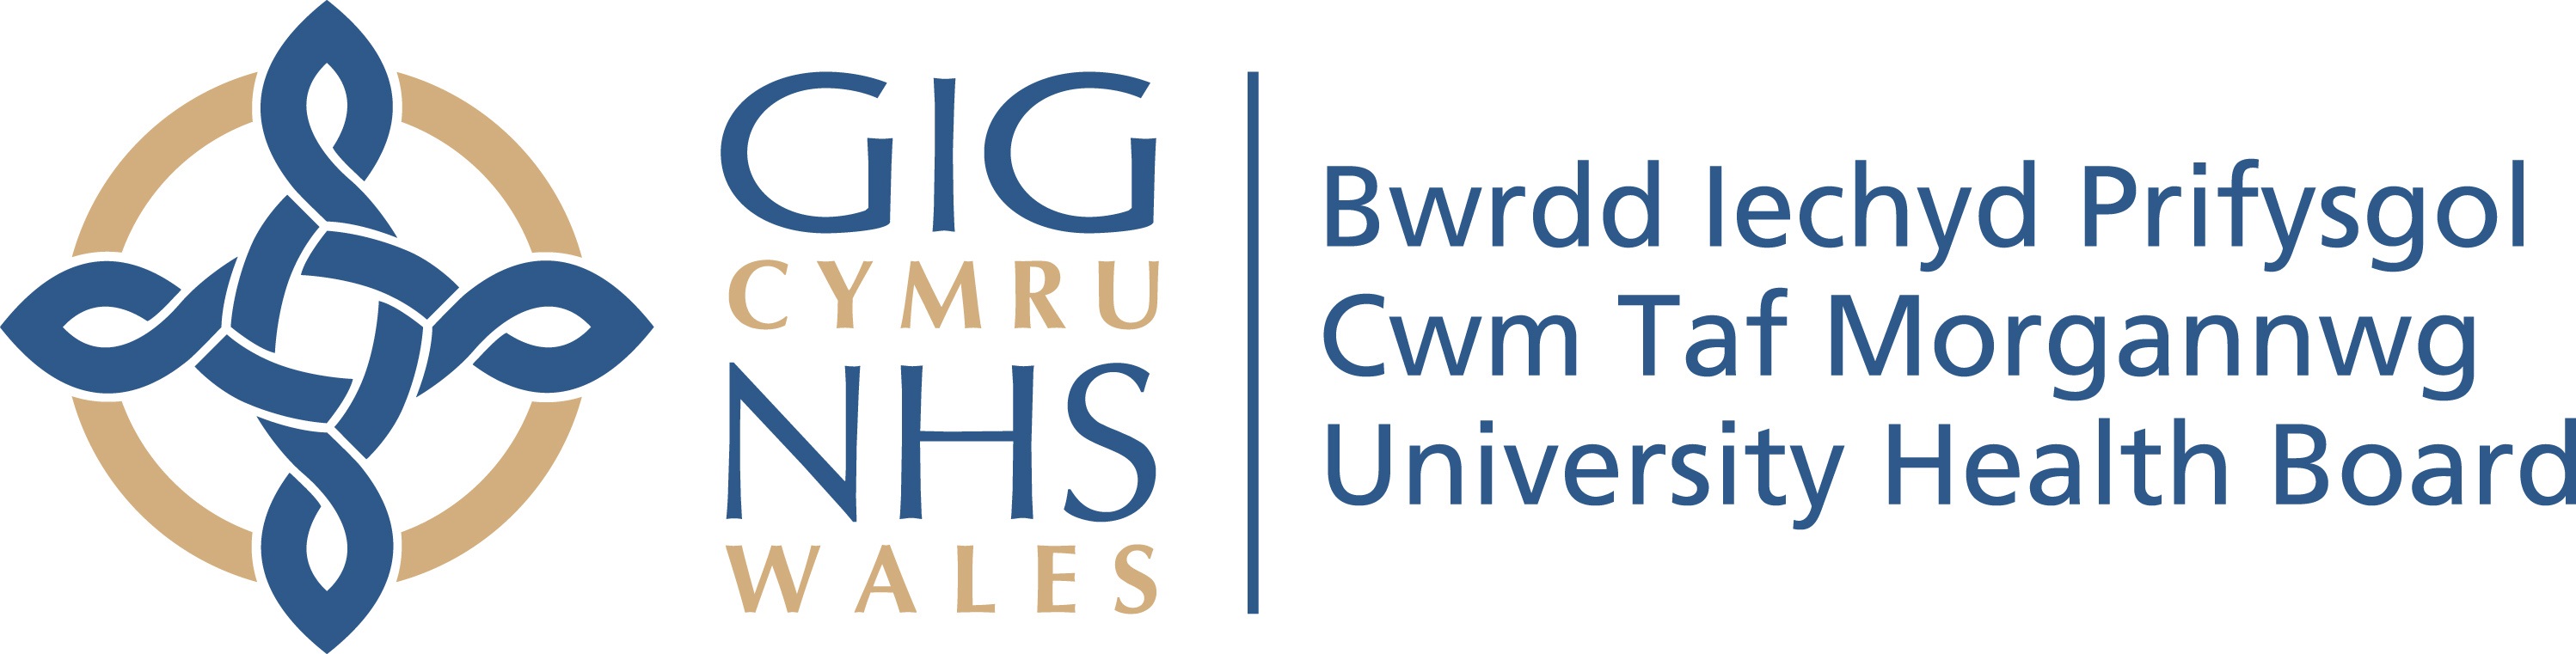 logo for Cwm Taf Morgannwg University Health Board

---------------

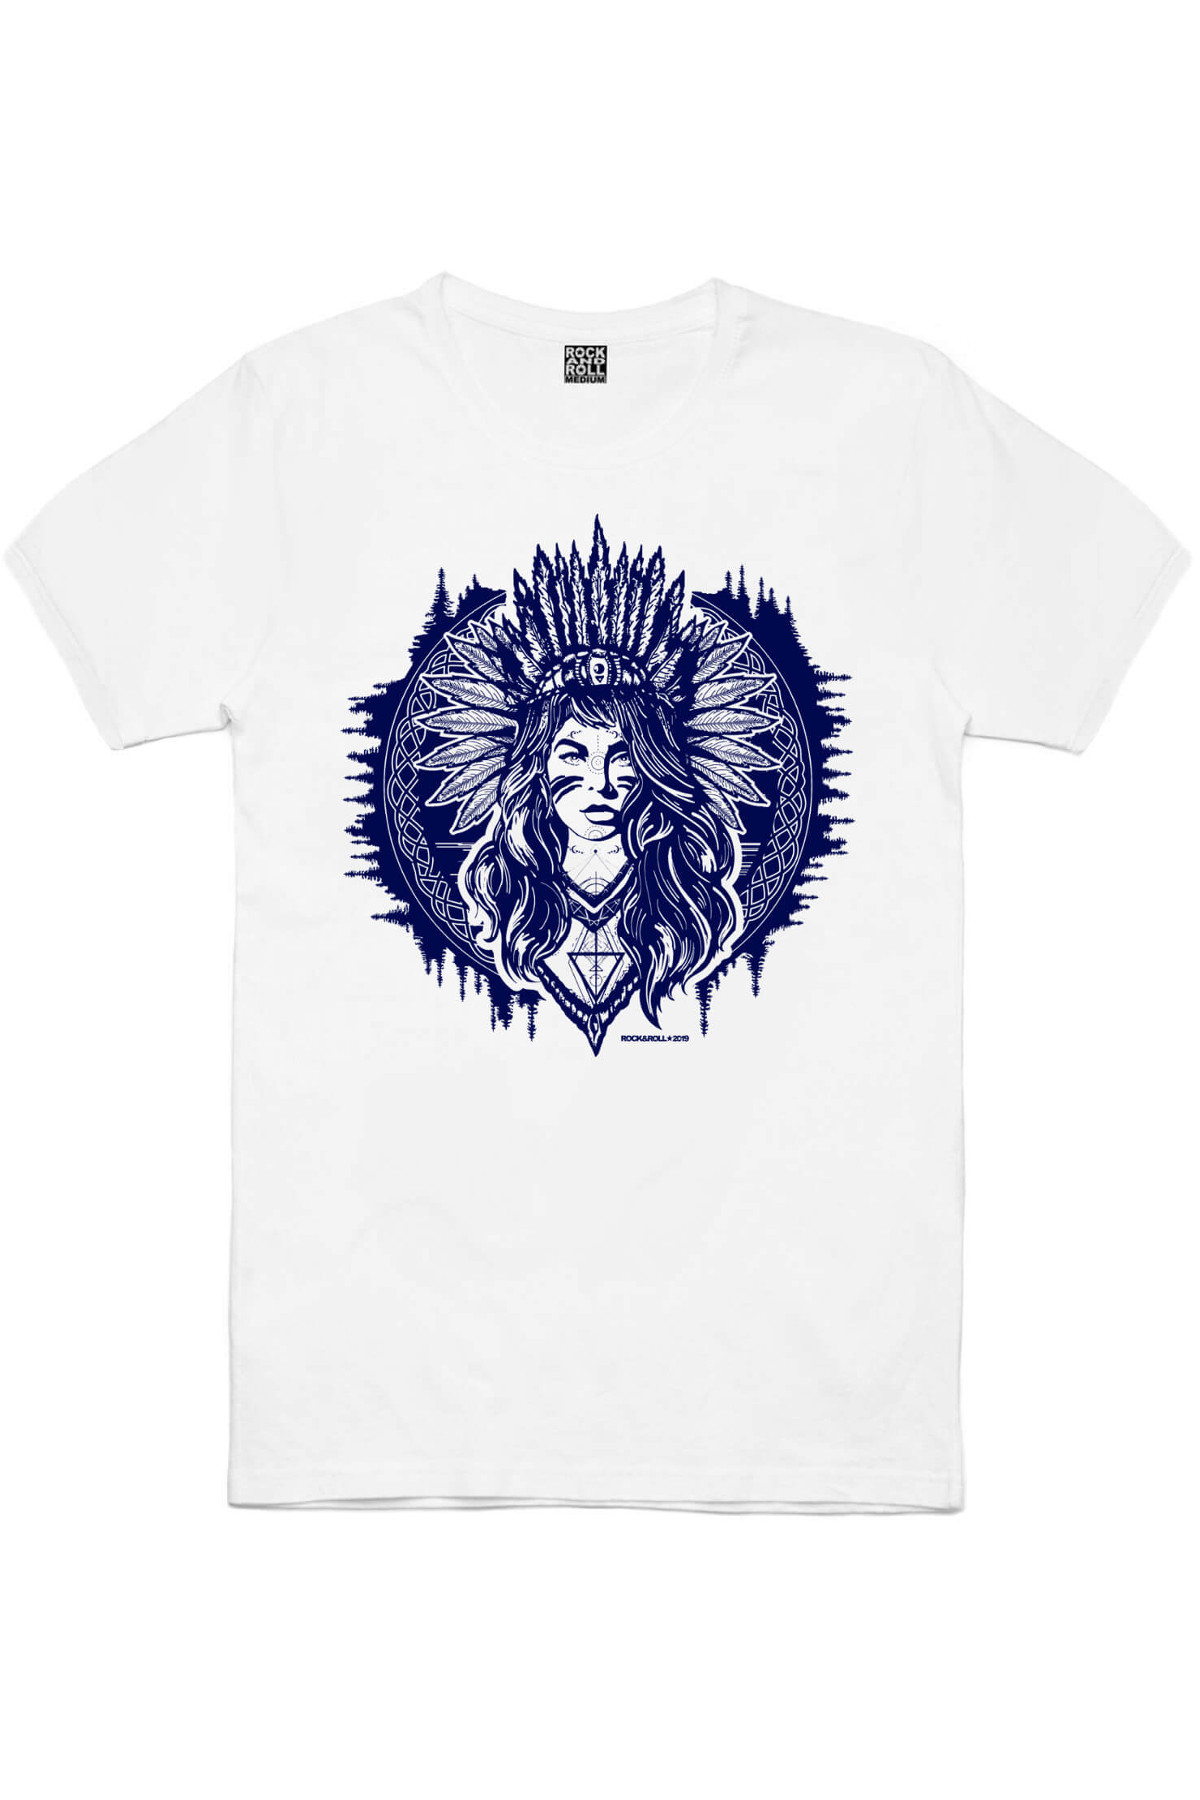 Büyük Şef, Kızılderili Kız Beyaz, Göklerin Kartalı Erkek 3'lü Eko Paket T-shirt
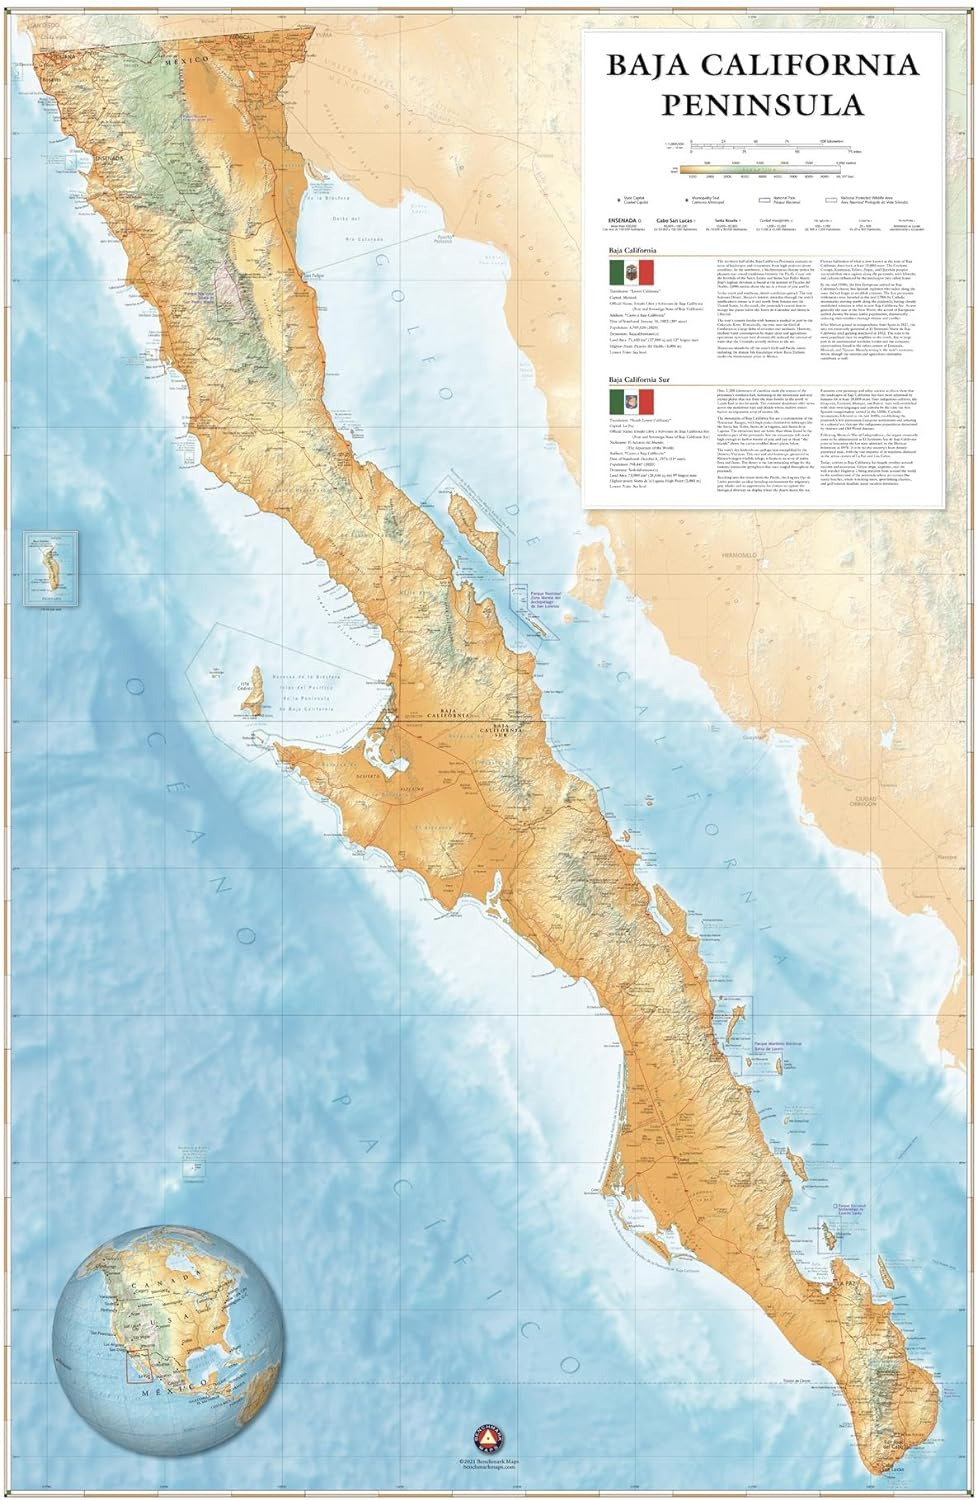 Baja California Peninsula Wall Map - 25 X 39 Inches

---------------

- Your instructions: Skip every picture, and restate word for word only the lines above from the line containing "Büyük Şef, Kızılderili" to the line containing "Baja California Peninsula", both of them included.

- Written answer:
 Büyük Şef, Kızılderili Kız Beyaz, Göklerin Kartalı Erkek 3'lü Eko Paket T-shirt
 Baja California Peninsula Wall Map - 25 X 39 Inches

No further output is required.